As Denmark’s burqa ban officially comes into effect, the country has found itself embroiled in an increasingly virulent debate as activists protest the law for discriminating against Muslims and for dictating what women can and can’t wear — even as those in favor of the bill claim that the law will save women from being forced to wear “strongly oppressive” garments.
While Danish politicians have denied that a law forbidding people from covering the face was deliberately targeted at the few Muslim women in the country that wear the niqab and burqa, the measure has nonetheless become popularly known as a “burqa ban.” Under the law, which was approved in May, first-time offenders can be fined approximately $120, with repeat offenders being subjected to fines of up to $1,200 or even a prison sentence of up to six months. Those accused of forcing someone to wear a face covering can also be charged and punished with fines or up to two years in prison.

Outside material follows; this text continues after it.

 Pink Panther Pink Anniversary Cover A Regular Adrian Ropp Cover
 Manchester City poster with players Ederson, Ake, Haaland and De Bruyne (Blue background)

Not everyone is willing to blindly accept the burqa ban lying down. Sasha Andersen of the Party Rebels activist group led a protest of the new law on Wednesday, denouncing the measure as “discriminatory” and pointing to other laws passed in recent years that target Muslim asylum-seekers who have immigrated into the country. Denmark’s center-right party has moved to tighten asylum and immigration rules, in addition to passing a 2016 law that requires asylum-seekers to hand over their valuables such as gold and jewelry as recompense for being allowed to stay in the country.